Thursday, January 10, 2019

The Story of the Bible - A Review


            If you have ever wondered about the origins of the Bible, and about the history of its text, then you should read Larry Stone’s 2010 book The Story of the Bible.  In nine chapters, Stone reviews the Bible’s languages, the historical backgrounds of its books, and – of special importance to students of textual criticism – its transmission.  The Story of the Bible features pouch-pages containing 23 removable full-size, full-color facsimiles of pages from important manuscripts and printed Bibles, including the following:
            Papyrus 46:  the last page of Ephesians and the first page of Galatians
            Codex Vaticanus:  the last page of Second Thessalonians and the first page of Hebrews
            Codex Sinaiticus:  the last page of Luke
            The Lindisfarne Gospels:  the first page of text of Matthew
            The Winchester Bible:  the first page of Genesis
            William Tyndale’s 1526 English New Testament:  the last page of Luke and the first page of the Gospel of John, and  
            The 1611 King James Version:  frontispiece.

            In addition to the removable facsimiles, the text of The Story of the Bible is generously supplemented by photographs of sample-pages of a variety of manuscripts, including the Aleppo Codex and the Book of Kells.  While less sumptuous than some other books about manuscripts (such as Illuminated Manuscripts – Masterpieces of the J. Paul Getty Museum), the pictures in The Story of the Bible represent a wide range in terms of manuscript’s ages and locales.

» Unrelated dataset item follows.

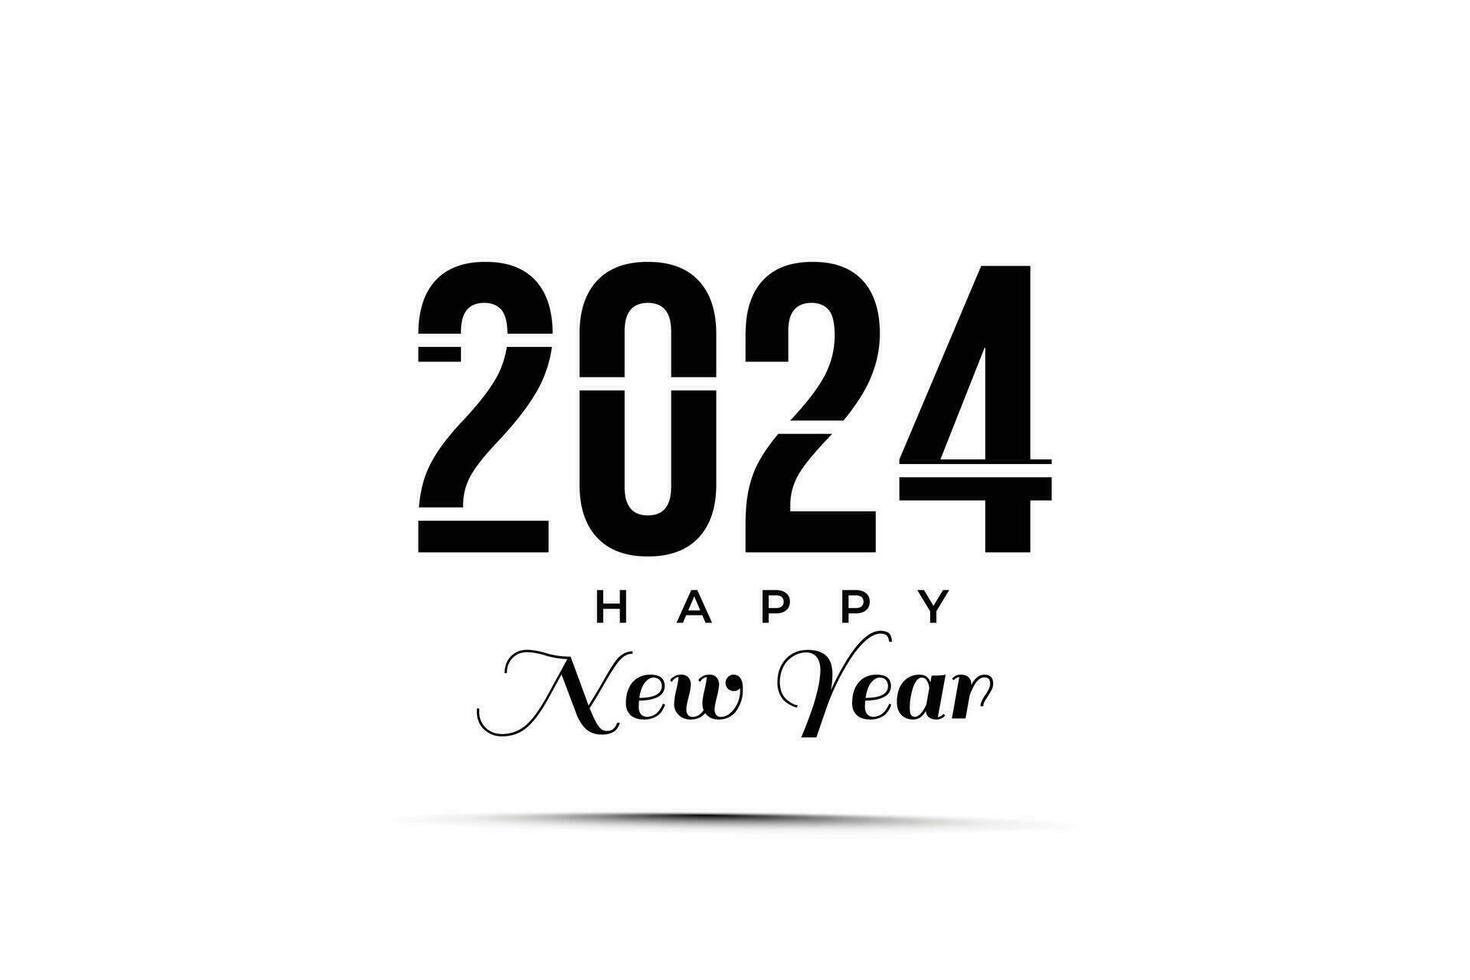 contento nuevo año 2024 creativo de moda texto tipografía diseño vector

            At the website www.storyofbible.com visitors can not only learn about Stone’s book but also learn more about the manuscripts, translations, and media that are featured in it, ranging from the Great Isaiah Scroll to The Devil’s Bible (Codex Gigas) to The Jesus Film.  There is also a special section that presents over 100 selected excerpts from the KJV.  A YouTube video tells more about the book, with some comments from the author.

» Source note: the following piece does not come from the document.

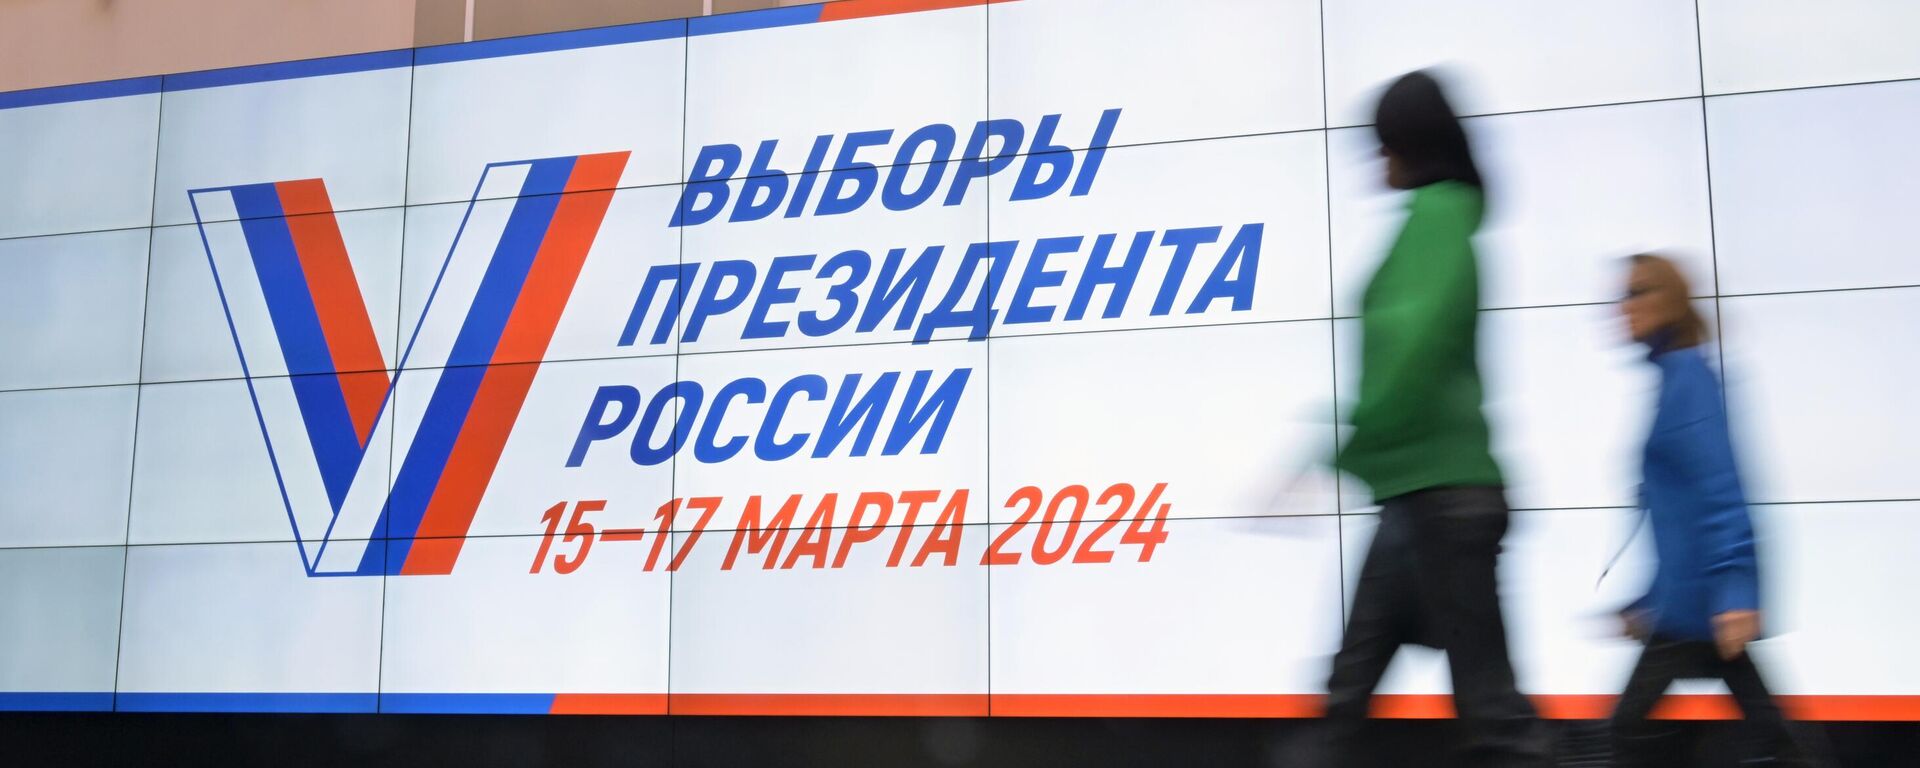 Elecciones presidenciales en Rusia de 2024 del 15 al 17 de marzo - Sputnik Mundo, 1920, 15.03.2024

            Not everything in Stone’s book can be relied upon.  He unfortunately repeats the false story that says that Erasmus made a rash promise to include the Comma Johanneum if a Greek manuscript could be found that had it in the text of First John.  In a section that focuses on the Greek New Testament and Textual Criticism (pages 66-67), Stone is guilty of spreading a misimpression about Mark 16:9-20, stating that this passage is missing not only in Vaticanus and Sinaiticus but also in “other very old manuscripts,” which is not the case.  He also perpetuates Neil Lightfoot’s grossly inaccurate method of counting textual variants:  “‘if one slight variant were to occur in 4,000 different manuscripts, this would amount to 4,000’ variations.” 

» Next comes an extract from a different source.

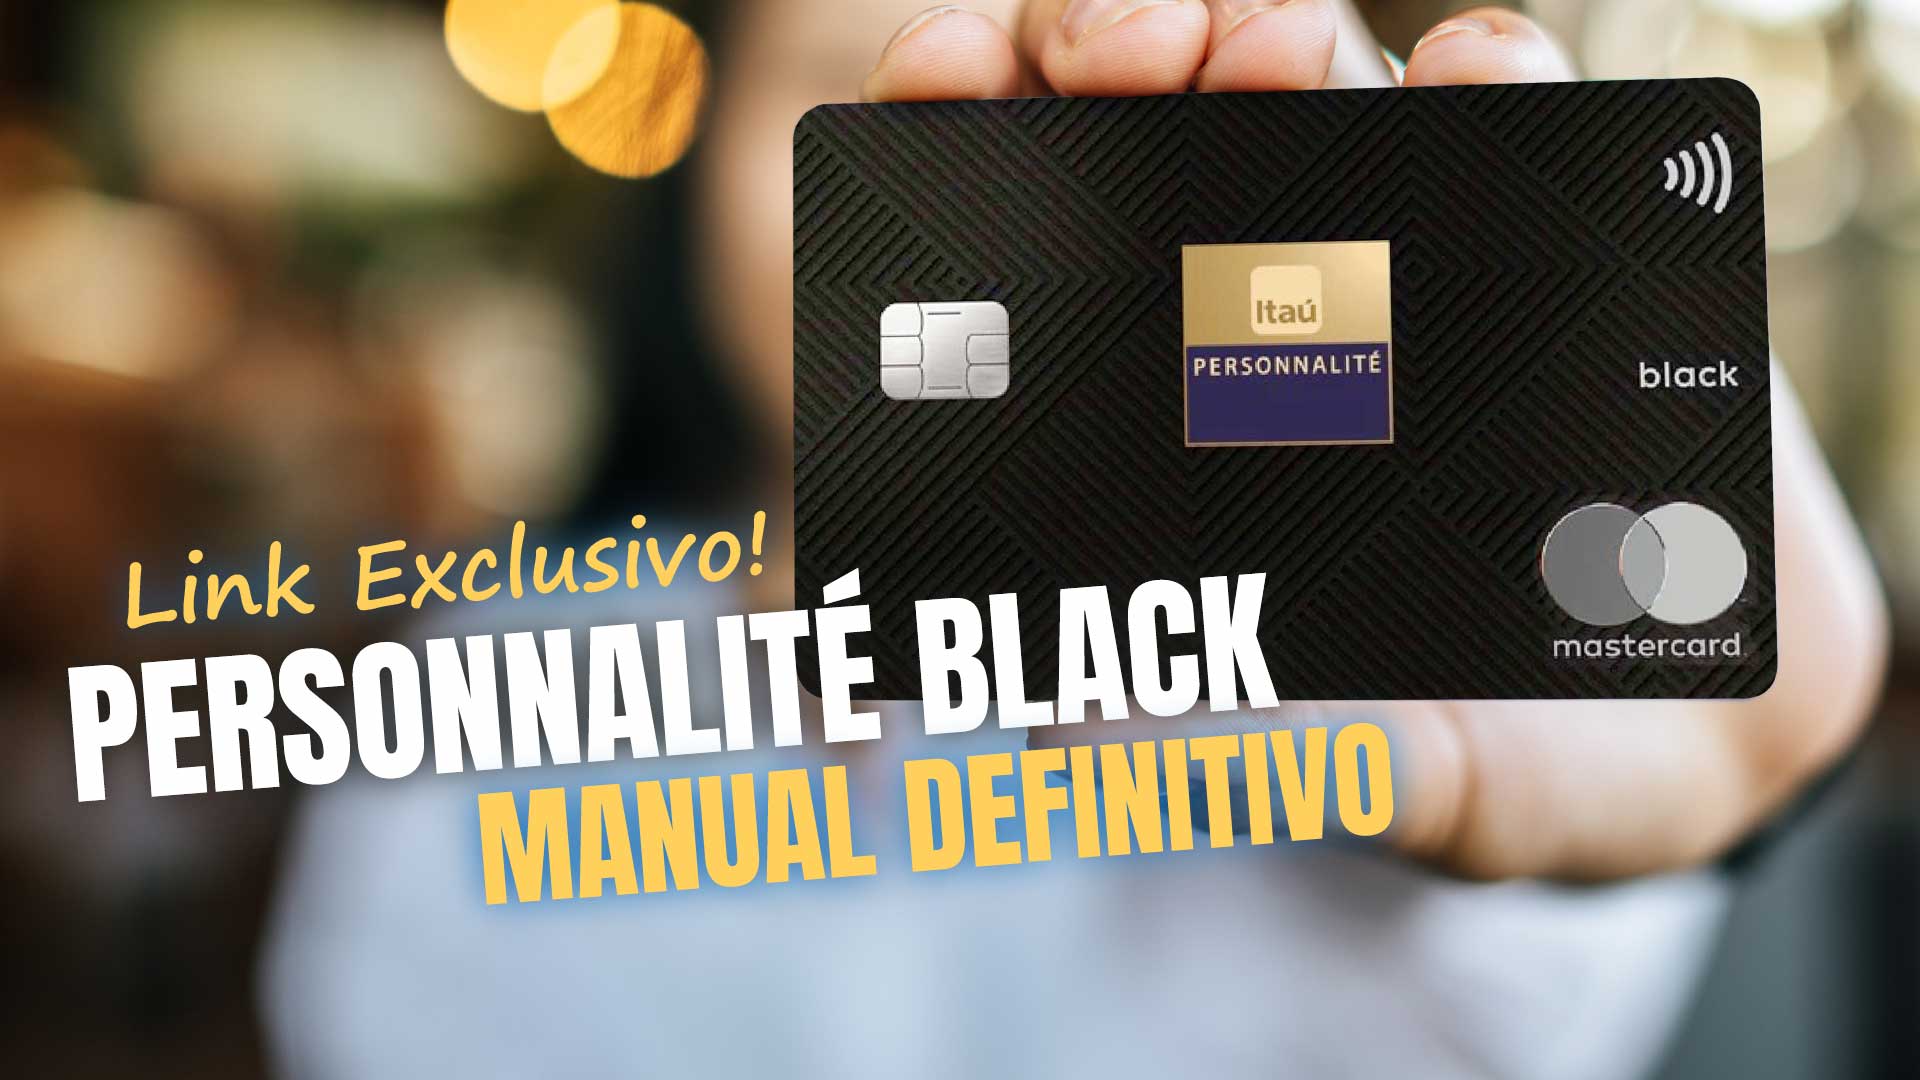 Cartão Caixa MasterCard Black

            Stone also does a disservice to scholars such as Bengel and Bentley (to say nothing of Reformation-era researchers such as Zegers) when he writes that “Not until the nineteenth century did scholars begin making judgments on which reading was “best.””  Also, in a section about Constantine von Tischendorf, Stone repeats the highly dubious story that Tischendorf spread (but which the monks of Saint Catherine’s Monastery deny) about how he found parchment leaves of Codex Sinaiticus “in a basket of manuscripts used for kindling to light fires.”  These errors – no doubt the result of dependence upon inaccurate sources – are comparable to a few counterfeit coins in the midst of a treasure-chest filled with valuable information.
            The Story of the Bible’s website should be updated about the Book of Kells:  although Stone says at the website that “As far as I know, Ireland’s finest national treasure [the Book of Kells] is not online in its entirety,” the situation has changed, and now each extant page of the Book of Kells can be viewed at the Trinity College Dublin website.          
            The Story of the Bible closes with a short but stirring chapter about Bible-distribution efforts by missionaries, Bible societies, and Bible translators.  May The Story of the Bible inspire its readers to not only vigilantly guard the text of the Bible and its message, but also to continue to take the gospel into all the world.